Intermountain Healthcare to use drones to deliver medications
Intermountain Healthcare has been working with Zipline drones for over two years trying to identify ways drones would be beneficial in healthcare. John Wright, Intermountain supply chain and support services vice president, said they came to one conclusion.
“We landed on pharmaceutical drug delivery at home for the convenience of our patients, making sure that they can get care when and where they would like to receive it,” Wright said.
Zipline drones could be delivering medications to patients’ homes as early as March of 2022. Wright said they will start in the Salt Lake area and then expand in future years. He said the system will be faster and will provide needed medical benefits.
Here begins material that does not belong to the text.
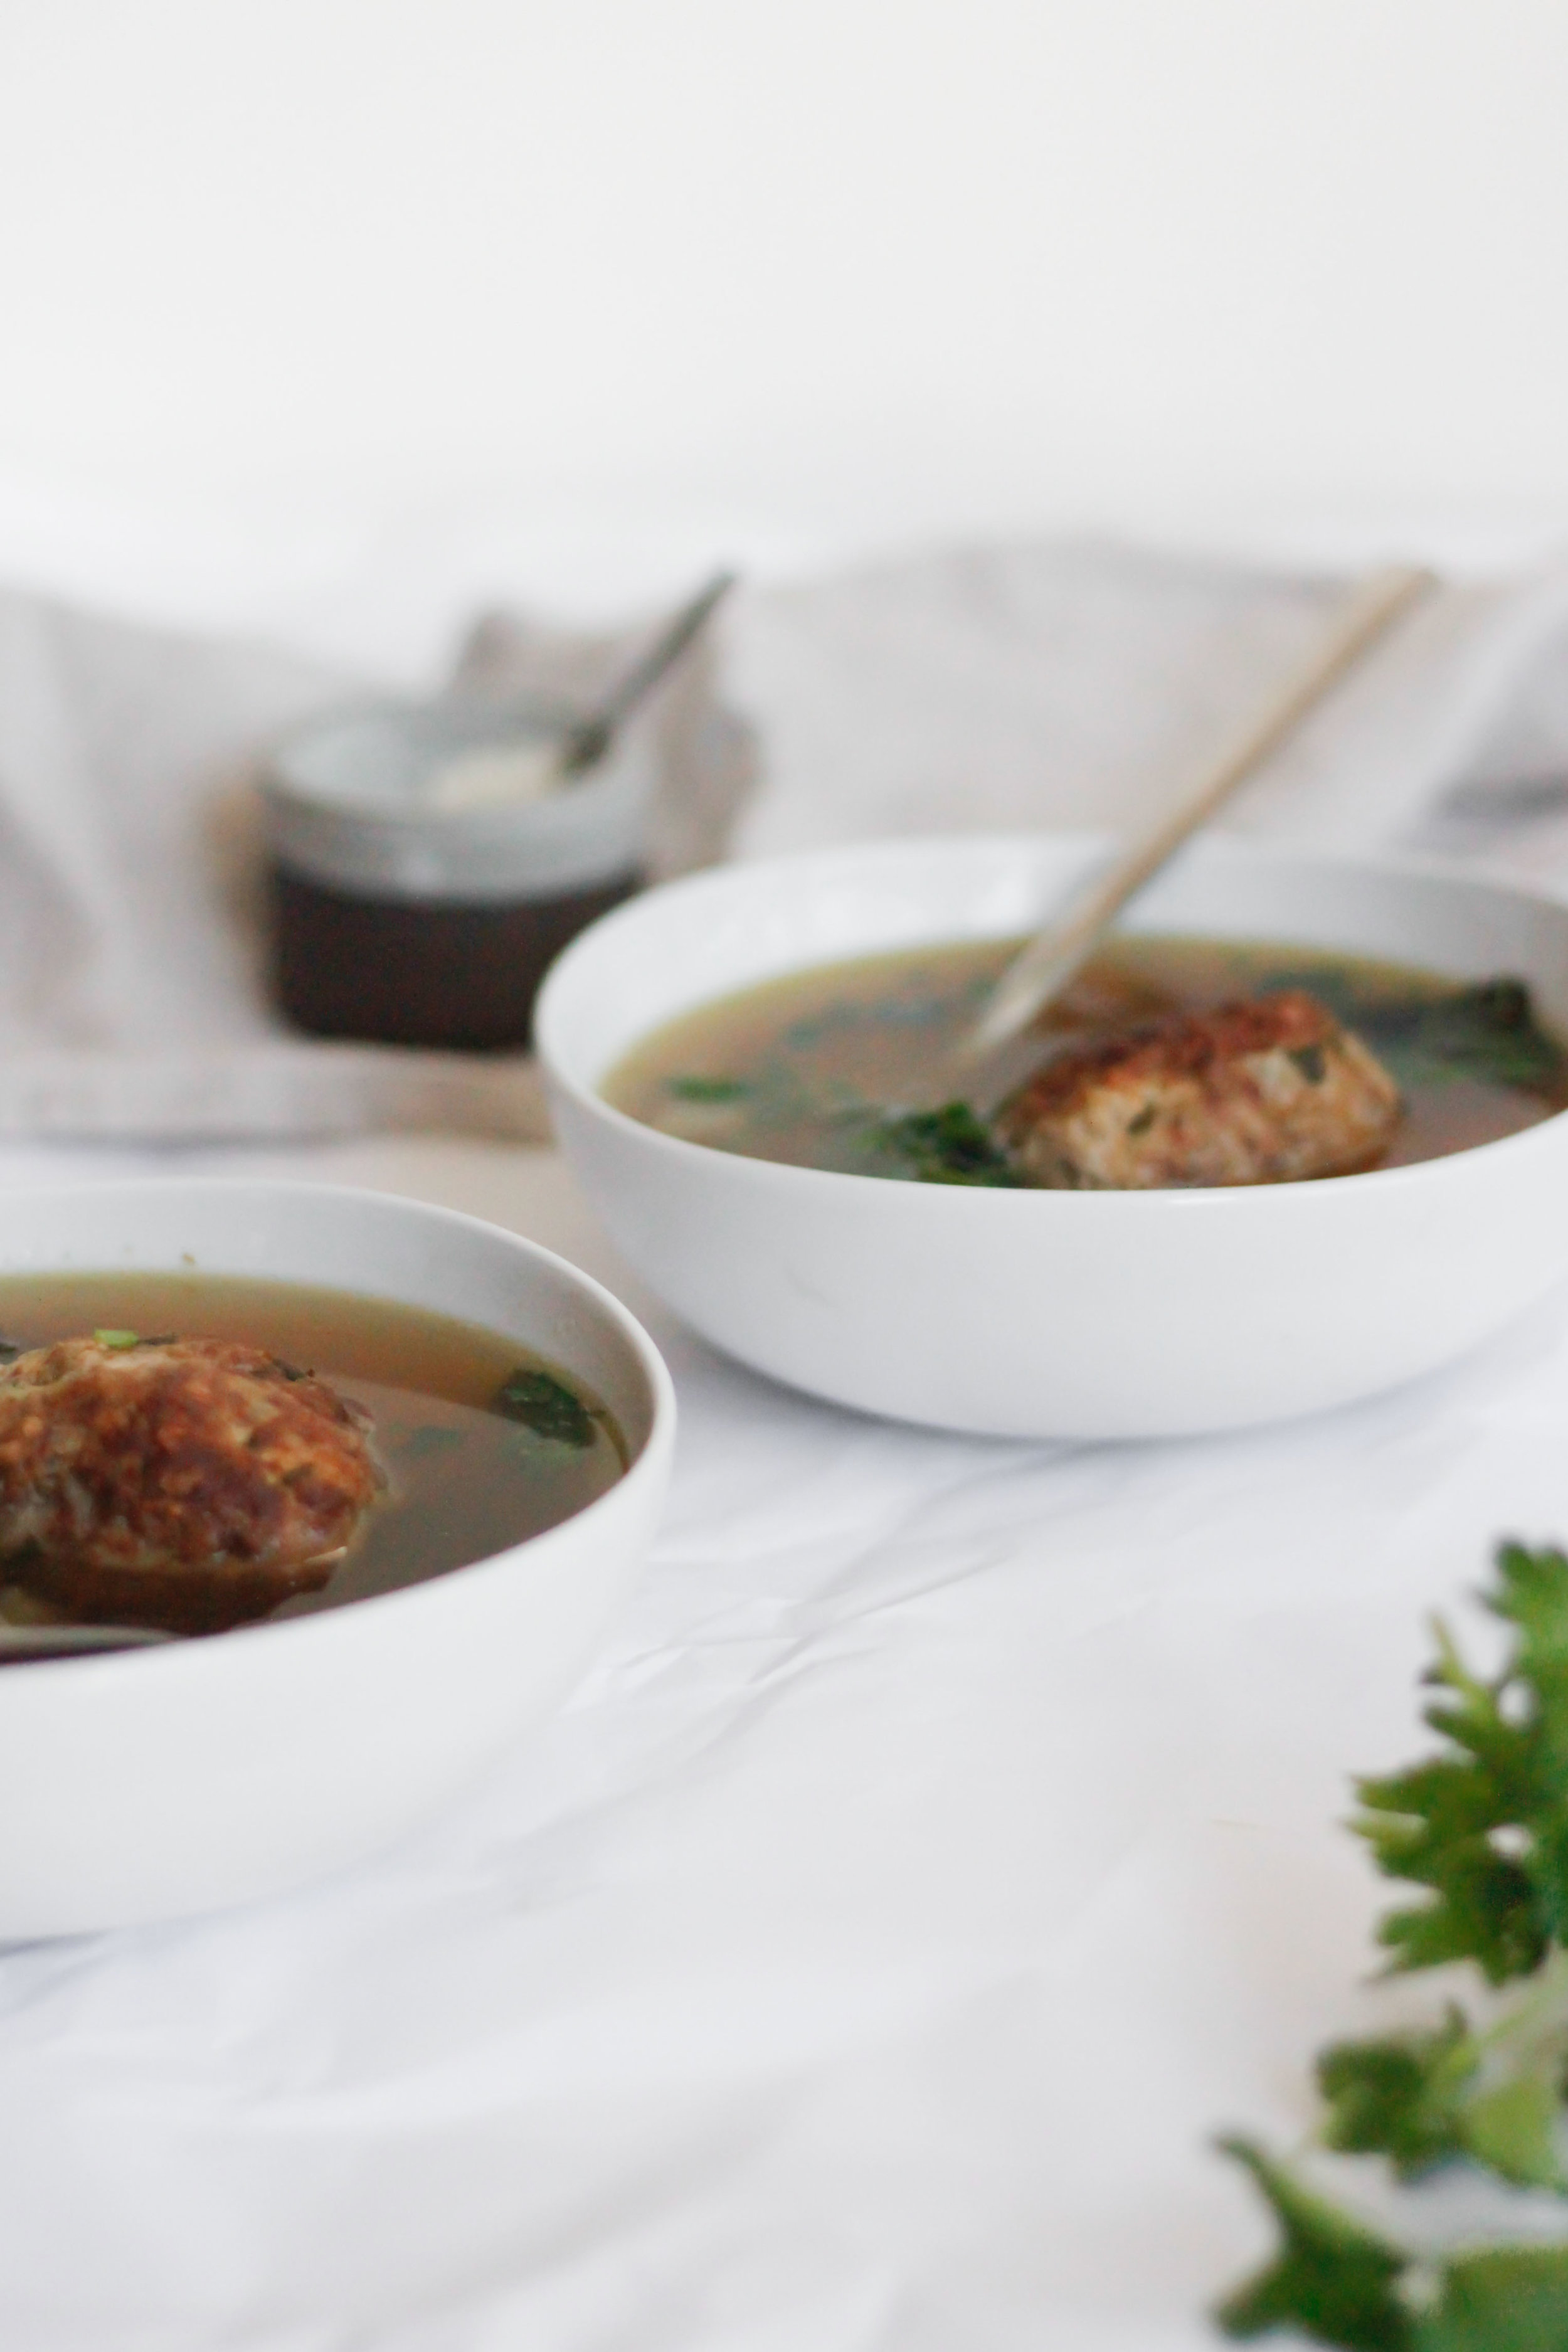 Italian wedding soup with giant meatballs
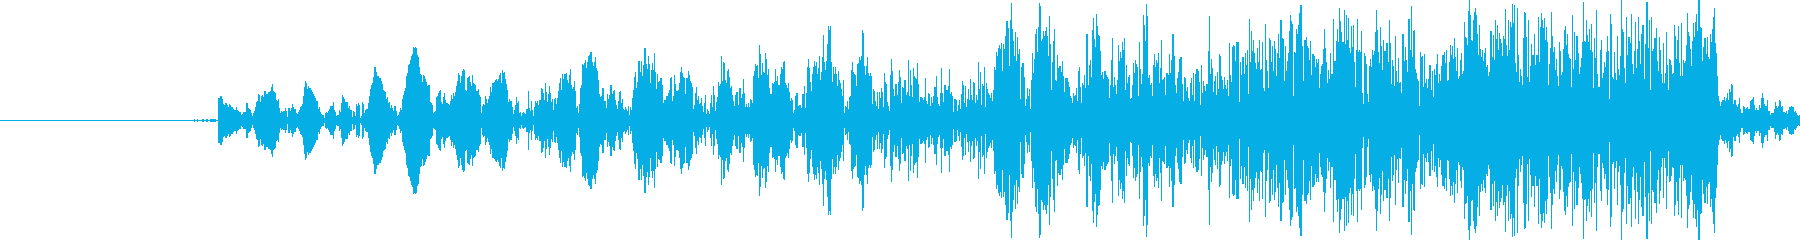 【ヒュン/ビュン/アプリ/効果音】の再生済みの波形

“If people are able to receive their prescriptions at home, we’re hoping that they’ll actually use those medications more regularly,” Wright said.
While drone safety might be a concern for some, Utah State aviation professor Shawn Barstow said the drone crashes we see on Youtube aren’t the reality of drone technology.
“Drone technology is to the point where through automation, through artificial intelligence, we’re able to control them in a way that’s going to not only be safer,” Barstow said. “But more expeditious and easier to get what you need done with them.”
Barstow said what Intermountain Healthcare is doing is a step in the right direction for Utah’s drone industry.
“Having worked with medicine and delivering medicine, and having that controllability that you can with the medication,” Barstow said. “I think it’s going to be what Utah really needs to help push it ahead of the drone technology and the drone world.”